- 2014 raid on Idlib city: Part of the Syrian Civil War
| Date | 27 October 2014 |
| Location | Idlib Governorate, Syria |
| Result | Syrian Army victory Rebels initially capture two buildings inside the city and Tell al-Mastouma; Syrian Army recaptures the buildings and Tell al-Mastouma; Rebels allegedly beheaded 70 soldiers and officers during the raid; Eruption of the al-Nusra Front–SRF/Hazzm Movement conflict; |

Belligerents
- Al-Nusra Front Jund al-Aqsa Sleeper cells within Idlib Supported by: Islamic State (alleged): Syrian Arab Republic Syrian Armed Forces; National Defense Force;

Commanders and leaders
- Abu Waleed al-Libi † (local Nusra leader): Mohamed Khair al-Sayyed (Governor of Idlib)

Strength
- Hundreds: Unknown

Casualties and losses
- 35–70 killed: 21 killed 70 captured & executed (rebel claim)

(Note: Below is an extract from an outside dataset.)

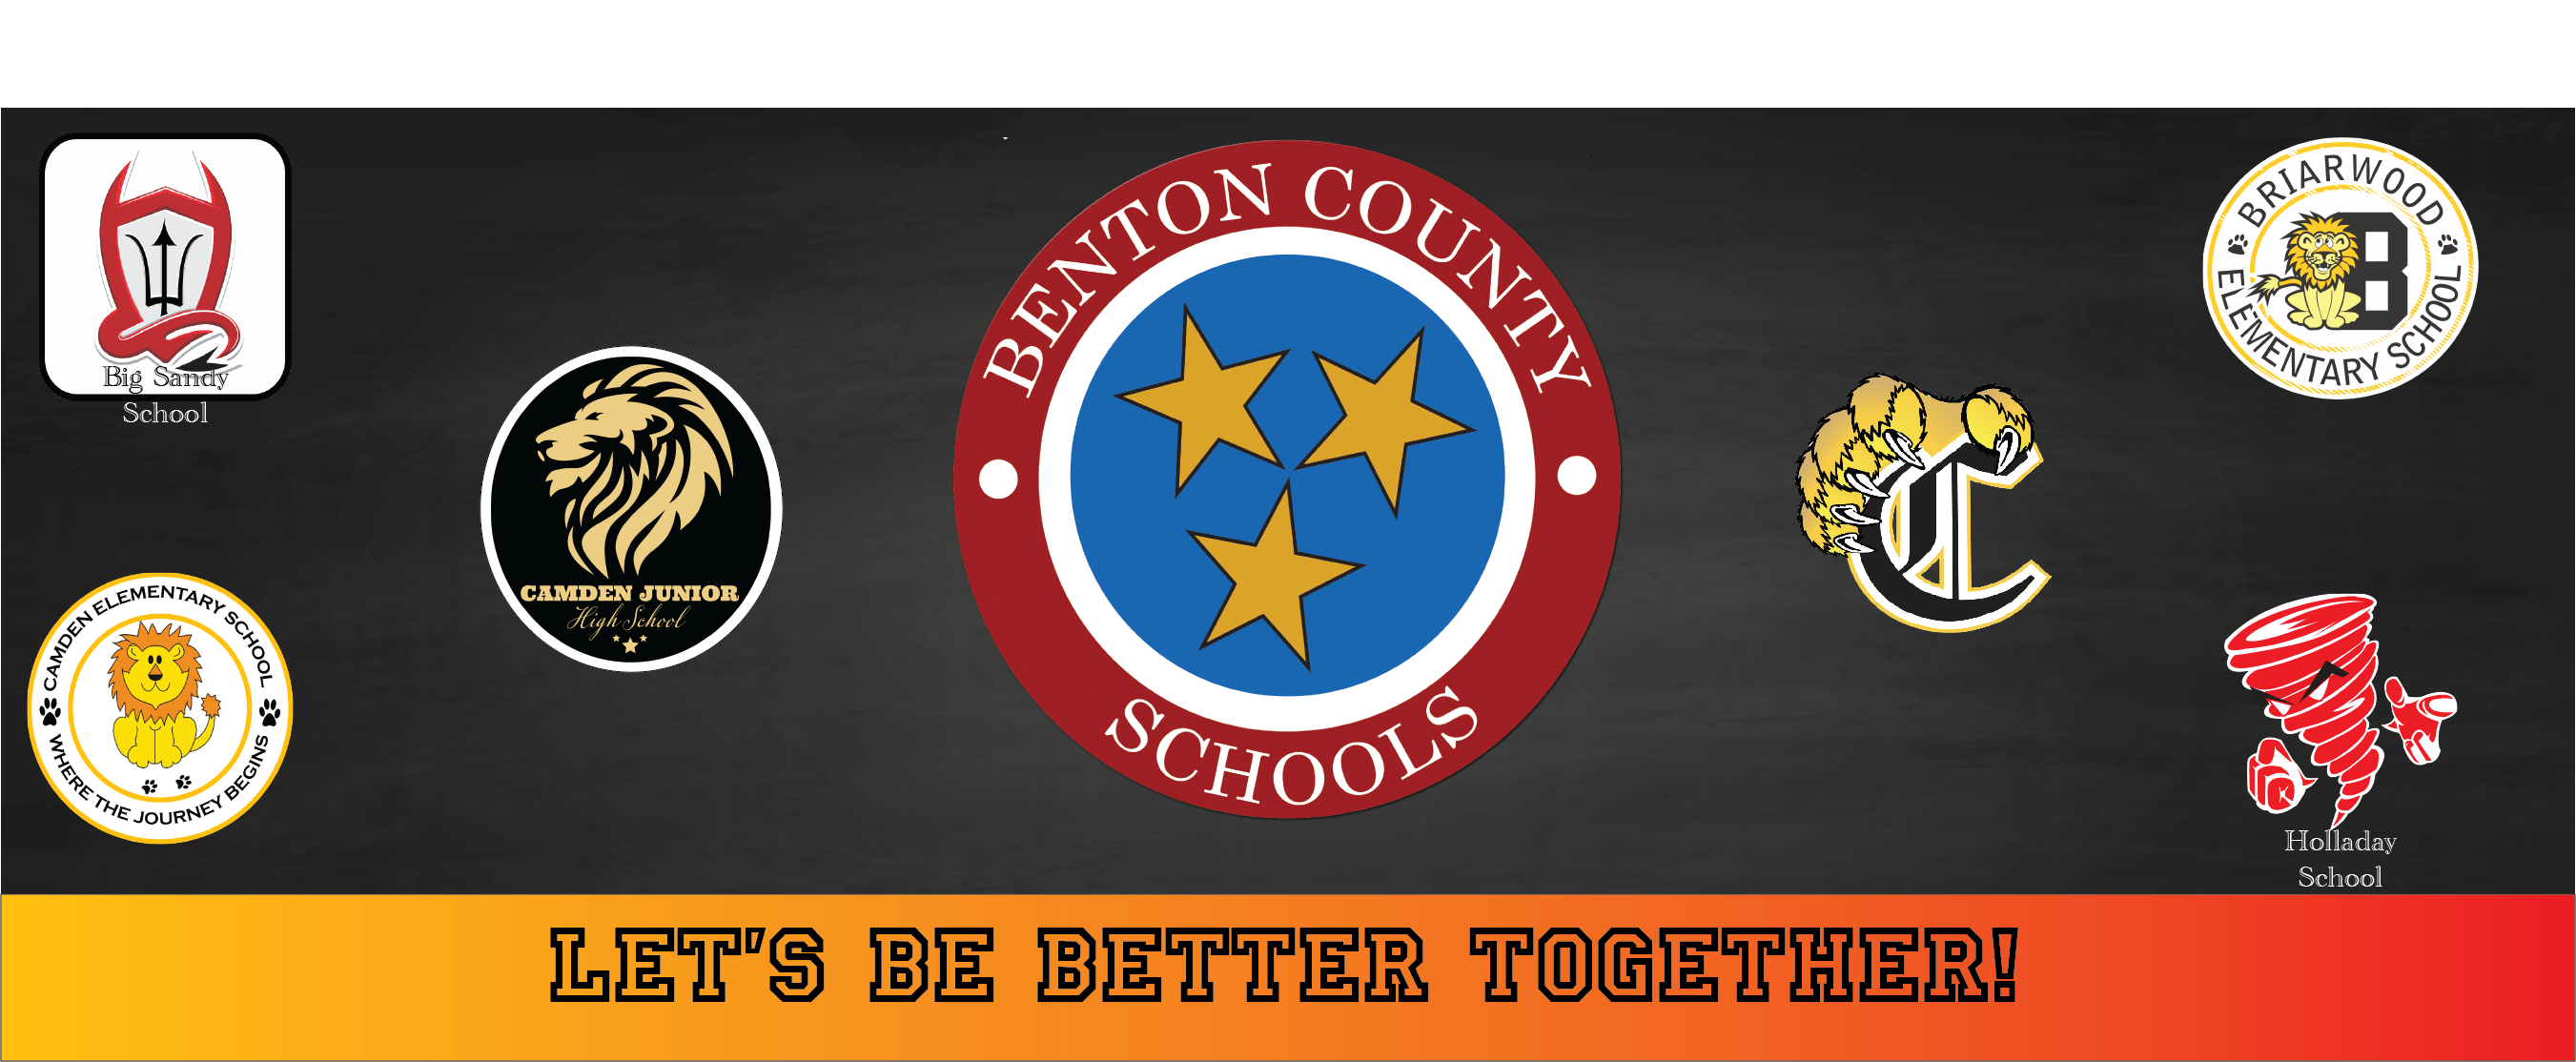 Benton County Schools - Let's Be Better Together!

= 2014 raid on Idlib city =

Military attack in Syria

The 2014 raid on Idlib city refers to a military operation in the Idlib Governorate, during the Syrian Civil War, conducted by mainly Salafi jihadists backed by Islamist rebels against the Syrian Government.

==Rebel attack==
Rebels from the al-Nusra Front launched an attack on Idlib city and al-Mastouma overnight in order to cut off the city from the south. During this attack, suicide cars were detonated at four Army checkpoints surrounding the city, killing "dozens" of soldiers, while rebels captured Tell al-Mastouma. The Army later recaptured the hill. According to the SOHR, 10 soldiers and nine rebels were killed on the hill. The rebels also managed to infiltrate the city and seized the governor mansion and the police headquarters with help from members of the local police and people’s committees. They took advantage of a power cut before dawn according to the Idlib police chief. These buildings were recaptured by pro-government forces later that day after the rebels pulled out of the city. It is believed that the rebels beheaded at least 70 soldiers (including army officers) in the two buildings they were holding, before pulling out. According to an opposition activist in the city, the rebels continue to hold the surrounding checkpoints that they took in morning.

According to the SOHR, at least 20 pro-government fighters, 15 rebels and four civilians were killed during the operation, while Al-Masdar placed the death toll at 21 government fighters (17 NDF and 4 Army) and 70 rebel fighters. Casualties among insurgents include a Jund al-Aqsa sleeper cell, which was discovered after the military intercepted rebel radio communications, and local rebel commanders. Al-Nusra Front claimed that it also had cut off the city, captured 12 soldiers and seized two tanks during the operation.